Post-Raid Repairs

Most Civil War generals appeared to believe that raids against the enemy army's rail line of supply would weaken that army and reduce its options. 1864, in particular, was filled by cavalry raids against railroads -- only Lee did not use his cavalry in such raids (perhaps because they were fully occupied defending Virginia railroads from Union raids).

Damage to Confederate railroads was inflicted in three areas -- rolling stock; buildings, water towers and wood lots; and track and bridges.

Non-locomotive rolling stock was easily destroyed by fire, only the iron parts surviving (and they were not in a usable condition). Locomotives would have gages and petcocks destroyed and the cab burned. This level of damage was easily repaired (though the gages were usually not replaced) and the locomotive returned to service. If the raiders knew what they were doing and had time, they could destroy the locomotive by running it head-on into another locomotive or sitting it on a burning bridge so that it would more completely destroy the bridge and drop the locomotive into the river. Damage at this level was not repairable during the war.

Depots, wood lots, water towers, pumps, warehouses, loading platforms, track master houses, etc. were easily destroyed by fire and axe. Water towers and wood lots had to be replaced, but the other structures were rarely repaired during the war because of a lack of lumber and labor and the likelihood that the repaired structures would be destroyed again before the war was over. As the war progressed, replacing water towers became very difficult, water being provided to locomotives by buckets (passed by passengers) from local streams. Wood lots were essential, but hard to refill because of the shortage of labor caused by conscription and the loss of slaves to the raiders.

Track was inefficiently "destroyed" by raiders in a hurry by just breaking the connections at the ends or rails, then turning over the disconnected rails and the sills still attached to them. Repair was very quickly accomplished. More efficient was taking the whole track structure apart, pilling the sills with rails laid across the top of the pile, then burning the sills. The rails would bend and droop when they got hot enough. Repair required replacing the sills from local wood, reheating the rails and straightening them on site. Repairs obviously took longer, but was not difficult (3/4 mile per day being repaired according to one engineer). Lastly, rails could be made useless without re-rolling (something the Confederacy does not seem to have done) by twisting them while they were hot and weak on the burning sills. This required the use of special tongs to grab the ends of the rails and apply the required torque. Sherman used this method in lower Georgia and in South Carolina, requiring repairs to be made by taking track from other roads to replace the destroyed sections. The lack of replacement fish plates, chairs and spikes was not allowed to slow the restoration of service on a line, the repairs being made with whatever could be found that the raiders had left behind and whatever the local railroads might have in stock.

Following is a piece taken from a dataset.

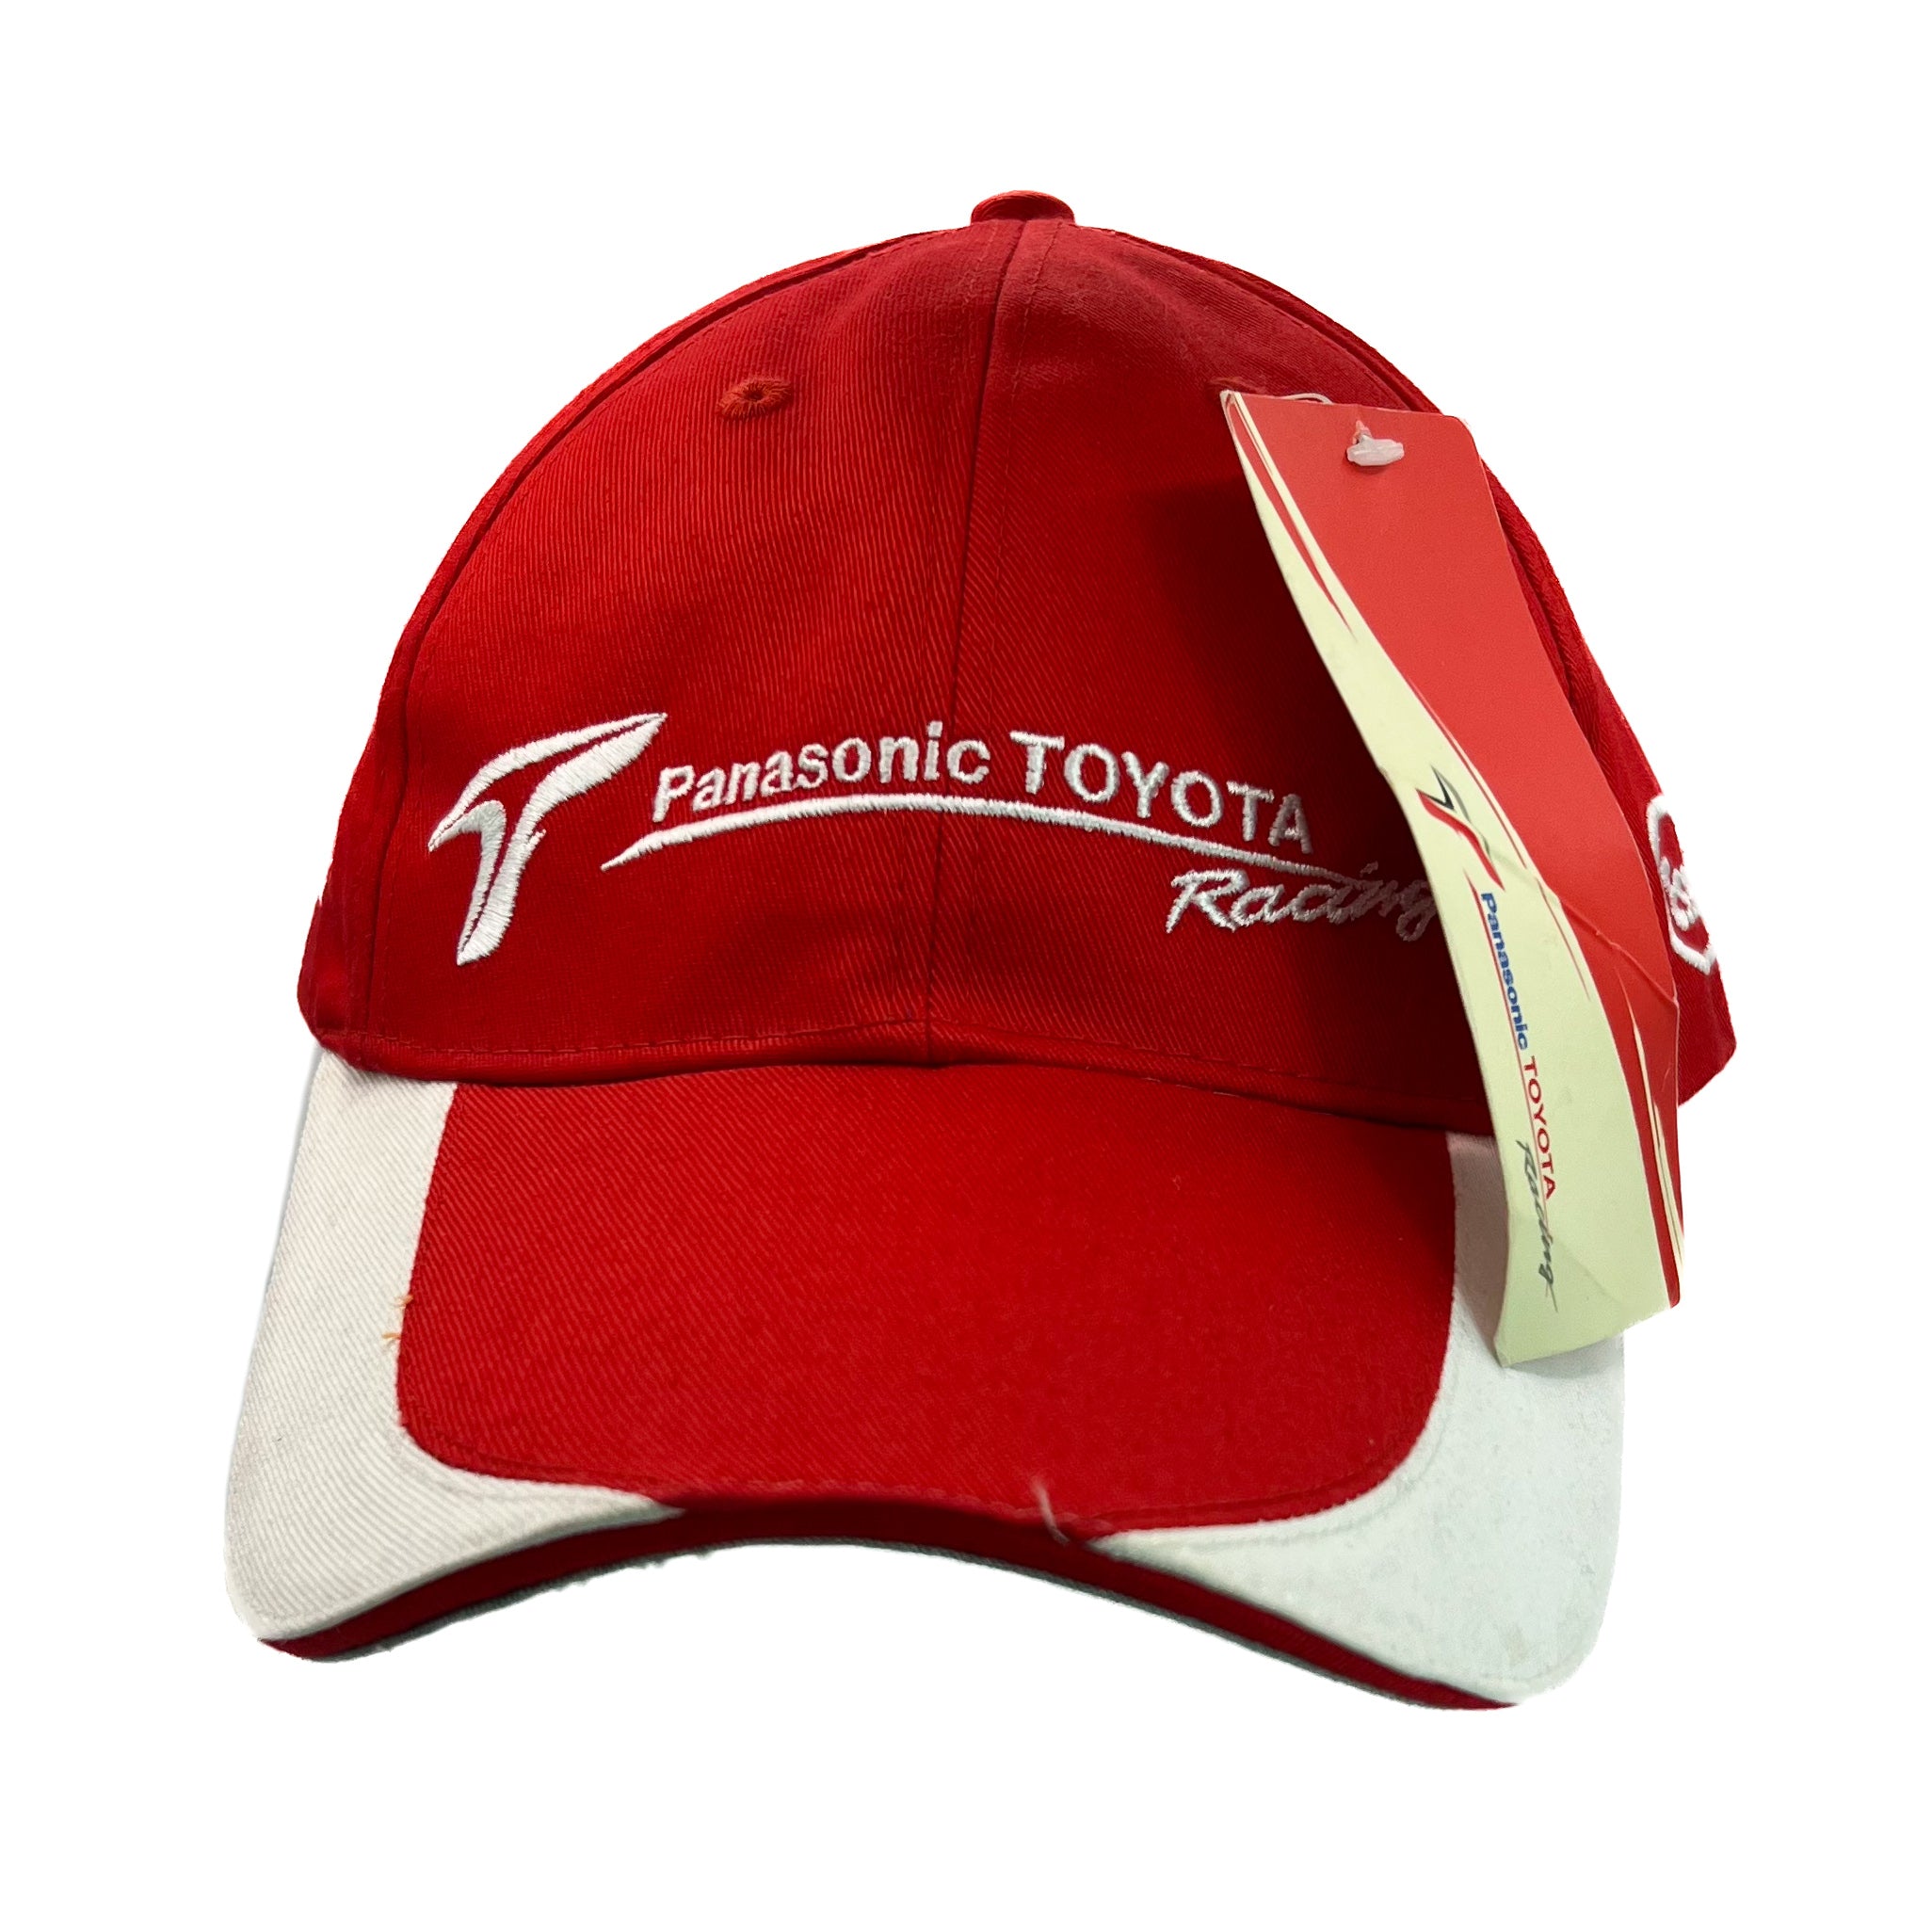 PANASONIC TOYOTA RACING “Denso Bridgestone” Embroidered Motorsports Ba –  George Worgan VTG
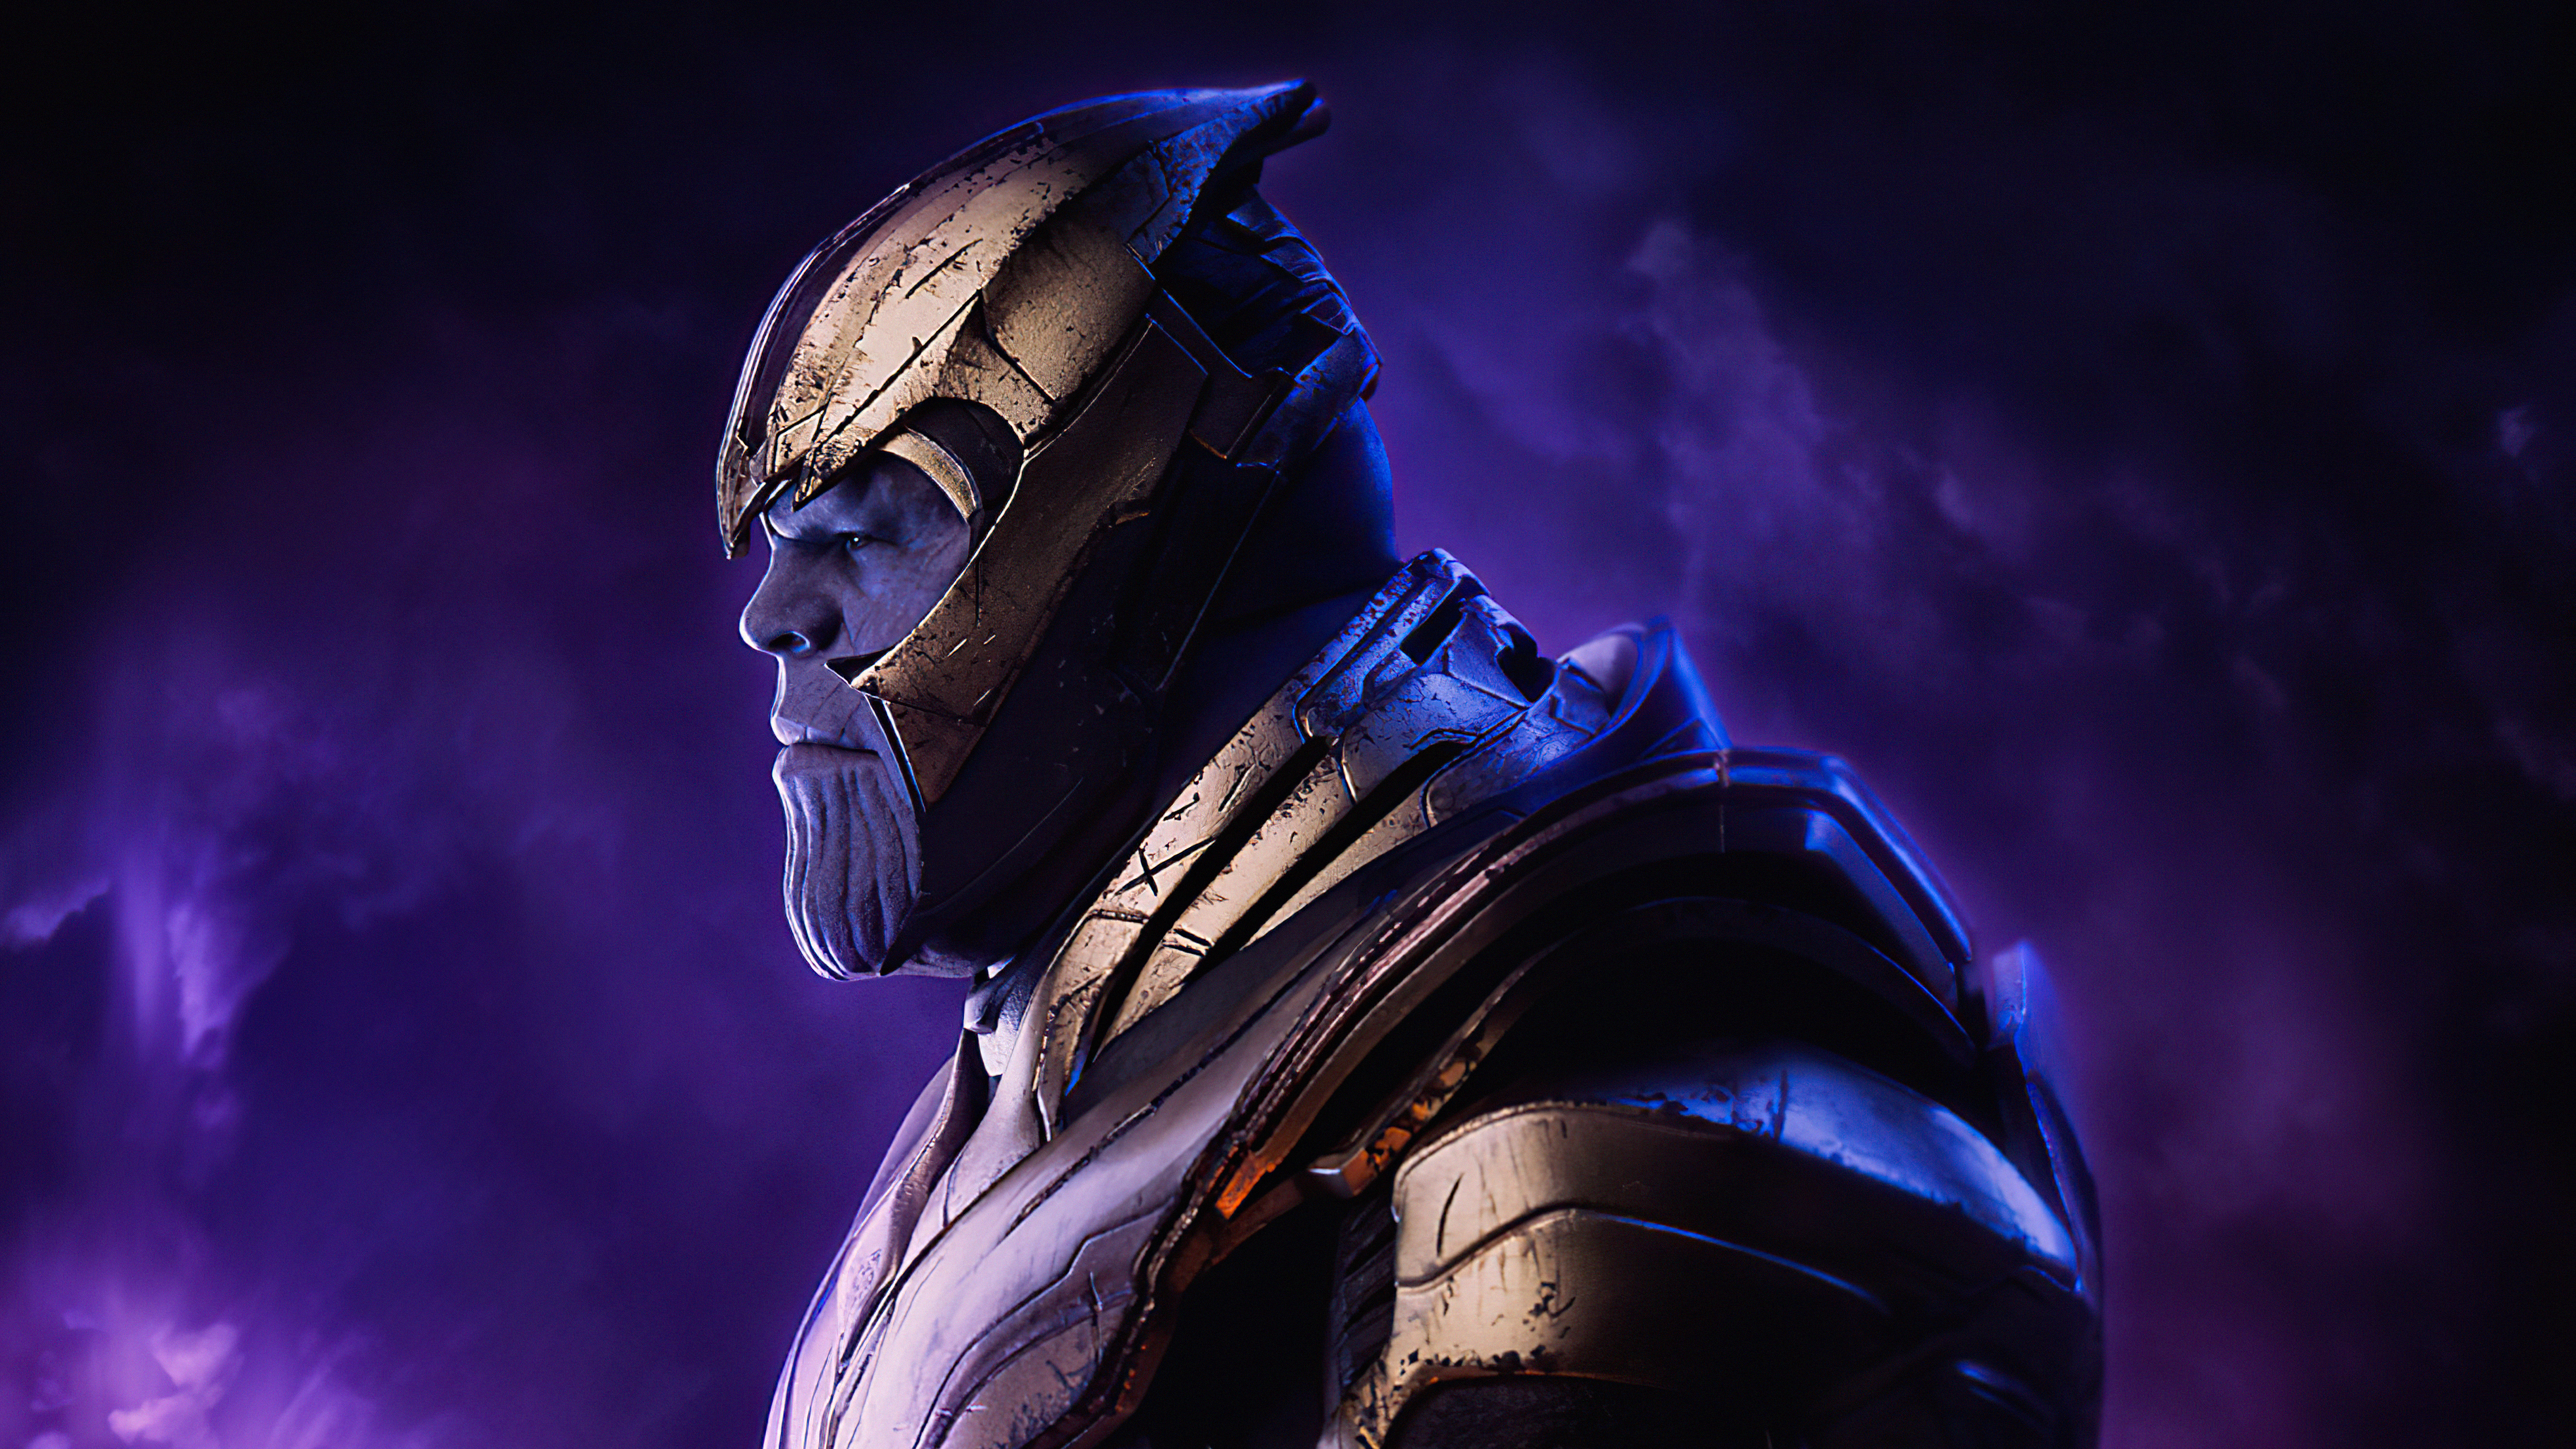 Movie Avengers: Infinity War 4k Ultra HD Wallpaper by Alex Brooks

Bridges, trestles and culverts took much longer to repair than the rail. Culverts were usually ignored or blown up with powder. Trestles were easily burned, and reasonably easily repaired with new poles made from local trees. Bridges took time and someone who knew what he was doing. They also required lumber, labor and sometimes iron work (mostly bolts and nuts). To speed repairs, bridges were surveyed and replacement timbers cut and fashioned and stored near a major city.

In the Confederacy, repairs were the responsibility of the railroad companies. Reality, however, soon had the government providing assistance, and, eventually, manpower. A plan to form a railroad repair corps of slaves, mechanics and engineers was never formally enacted, though, in practice, it almost existed in the west in 1864 and 1865.

Even with the lack of material and manpower and without a repair corps, the only really effective raid on Confederate railroads was Sherman's raid from Atlanta to Savannah. This was so effective that some of the roads were not back in operation over their full length until after the war was over. Effectiveness was achieved by using an entire army, not a cavalry force, and destroying dozens of miles of several roads at once, and doing it right by twisting the rails.